PROBLEM:
An exact restatement of the data is required, with the images omitted.

**** INPUT DATA ****

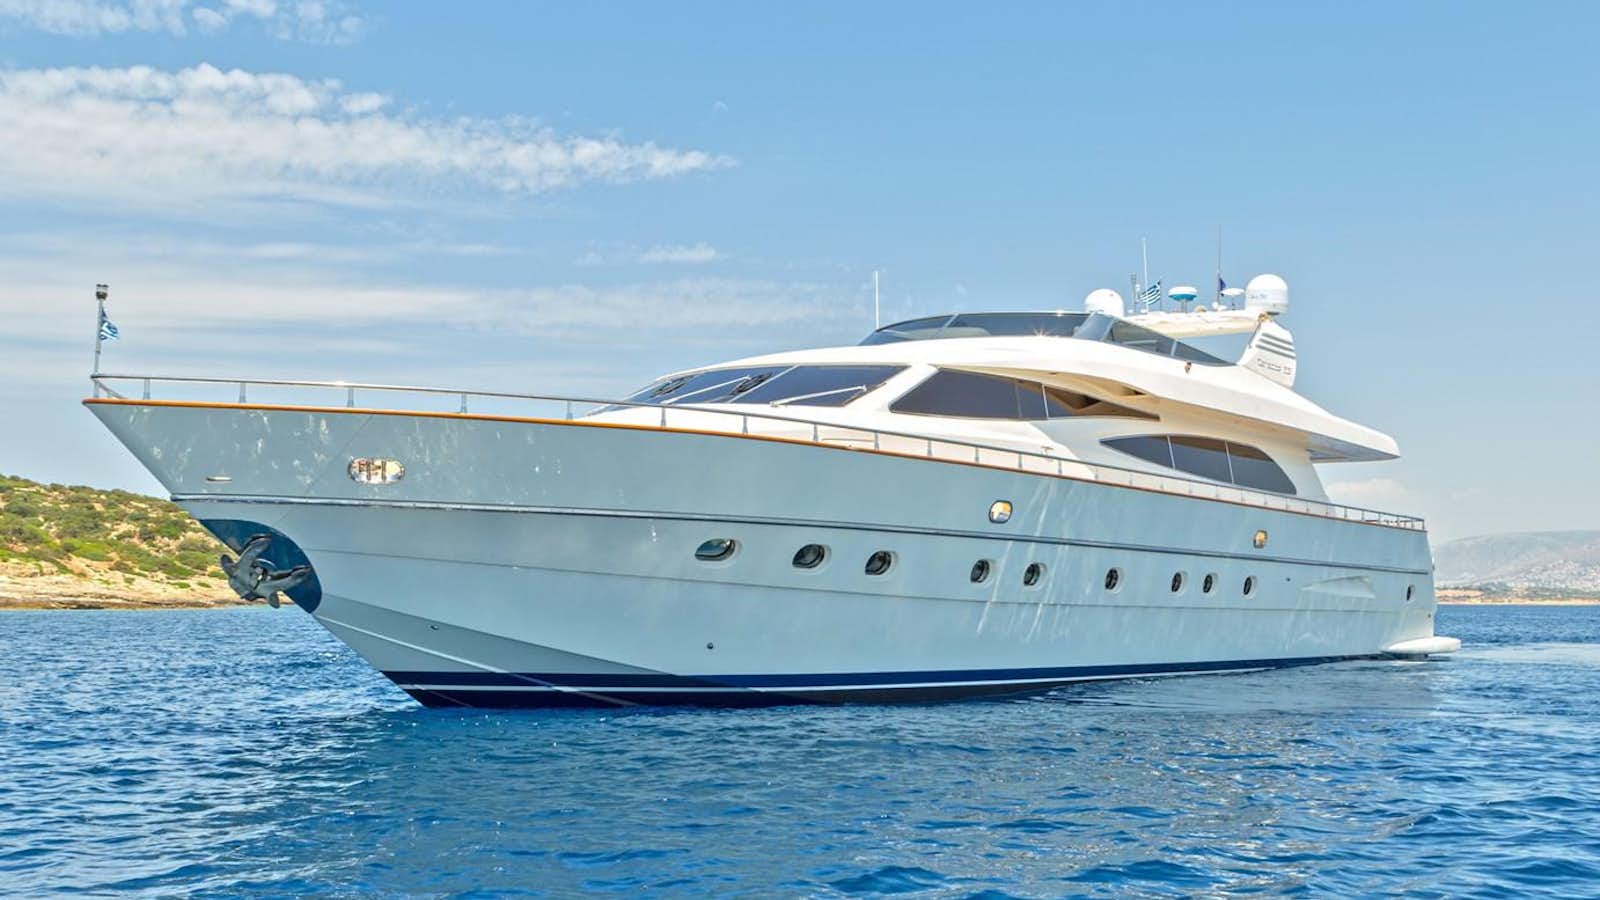 Vyno
Yacht for Sale
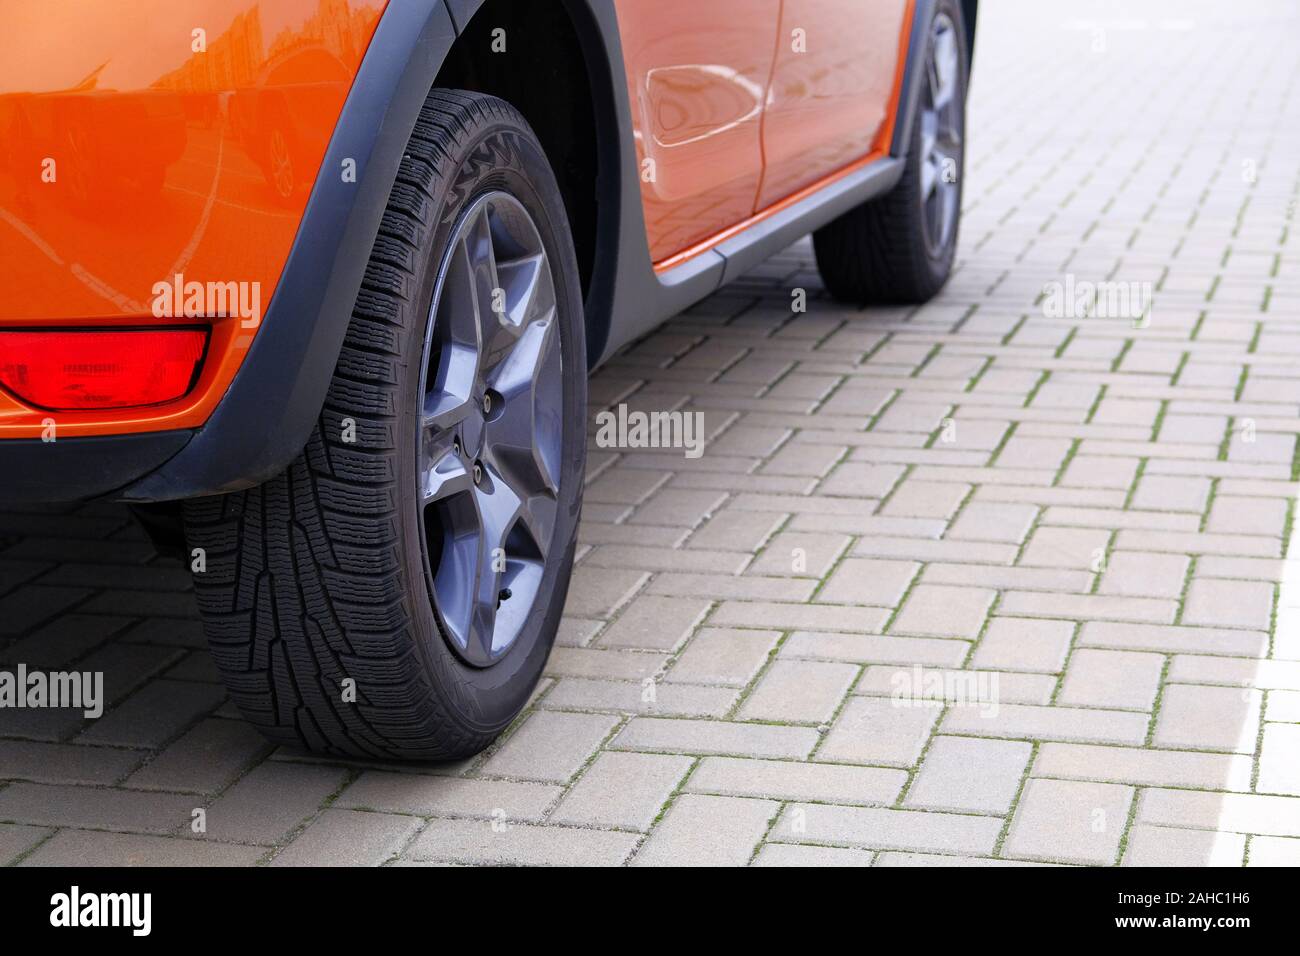 Orange car is parked in its parking spot in city. Close up car wheel, urban environment. Stock Photo

****

OUTPUT:
 Vyno
Yacht for Sale
 Orange car is parked in its parking spot in city. Close up car wheel, urban environment. Stock Photo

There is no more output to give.